The paper introduces 2D hydrodynamical simulations with radiative cooling for binary star systems, providing more realistic insights into disk eccentricity and planet formation conditions.

Findings

Radiative models show lower disk eccentricities (~0.04-0.06) compared to isothermal models (~0.2).

Disks with less mass have higher eccentricity and lower temperature.

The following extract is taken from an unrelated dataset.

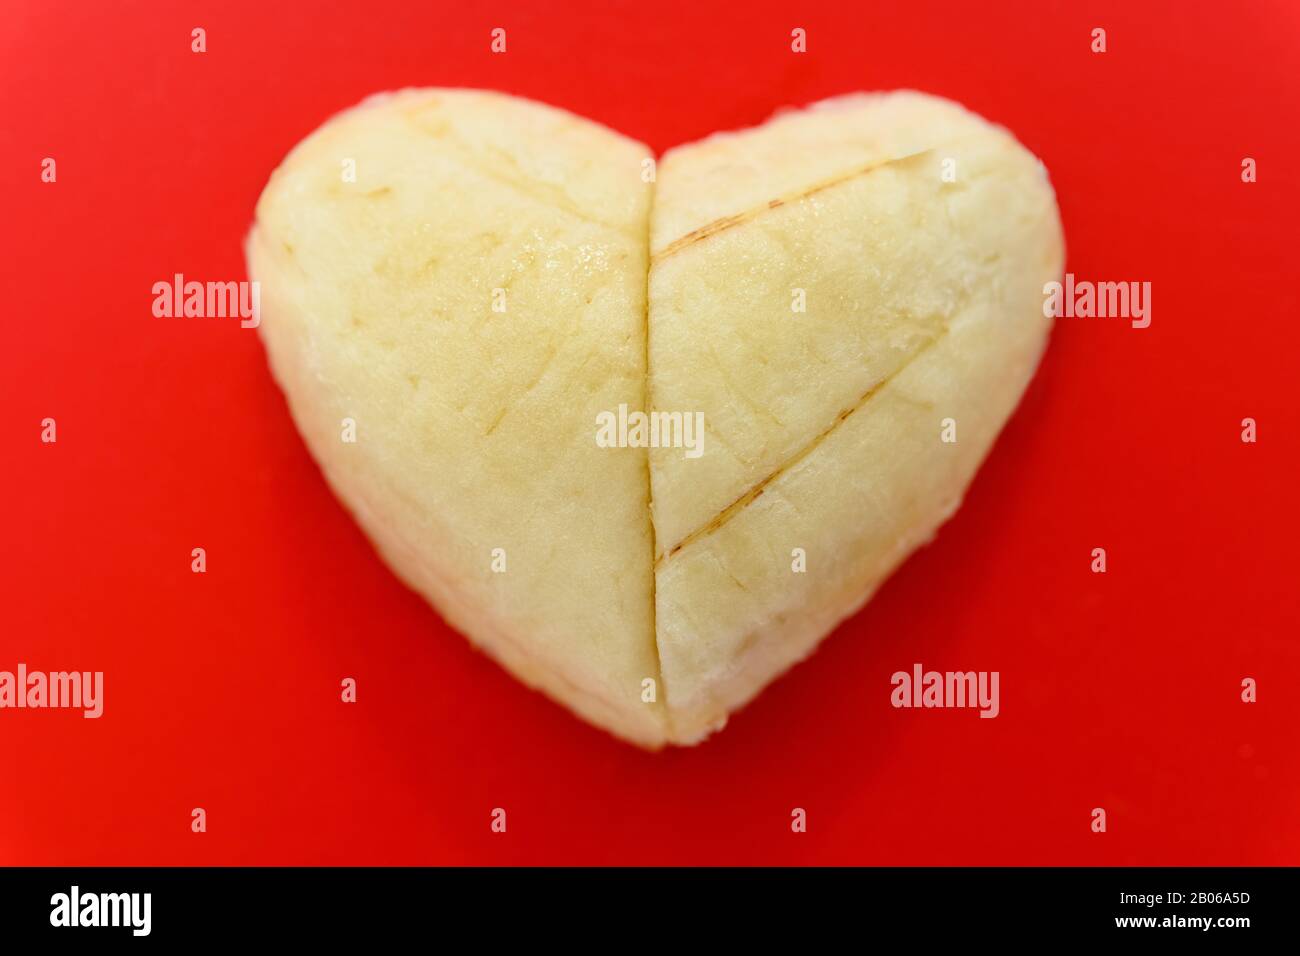 two slices of banana shaped as a heart on red background Stock Photo

Low viscosity (α ≲ 0.001) is necessary for disk longevity and planet formation.

Abstract

In this paper we study the evolution of viscous and radiative circumstellar disks under the influence of a companion star. We focus on the eccentric {\gamma} Cephei and {\alpha} Centauri system as examples and compare the disk quantities such as disk eccentricity and precession rate to previous isothermal simulations. We perform two-dimensional hydrodynamical simulations of the binary star systems under the assumption of coplanarity of the disk, host star and binary companion. We use the grid-based, staggered mesh code FARGO with an additional energy equation to which we added radiative cooling based on opacity tables. The eccentric binary companion perturbs the disk around the primary star periodically. Upon passing periastron spirals arms are induced that wind from the outer disk towards the star. In isothermal simulations this results in disk eccentricities up to {\epsilon}_disk ~ 0.2, but in more realistic radiative models we obtain much smaller eccentricities of about {\epsilon}_disk ~ 0.04 - 0.06 with no real precession. Models with varying viscosity and disk mass indicate show that disks with less mass have lower temperatures and higher disk eccentricity. The rather large high disk eccentricities, as indicated in previous isothermal disk simulations, implied a more difficult planet formation in the {\gamma} Cephei system due to the enhanced collision velocities of planetesimals. We have shown that under more realistic conditions with radiative cooling the disk become less eccentric and thus planet formation may be made easier. However, we estimate that the viscosity in the disk has to very small, with {\alpha} \lesssim 0.001, because otherwise the disk's lifetime will be too short to allow planet formation to occur along the core instability scenario. We estimate that the periodic heating of the disk in eccentric binaries will be observable in the mid-IR regime.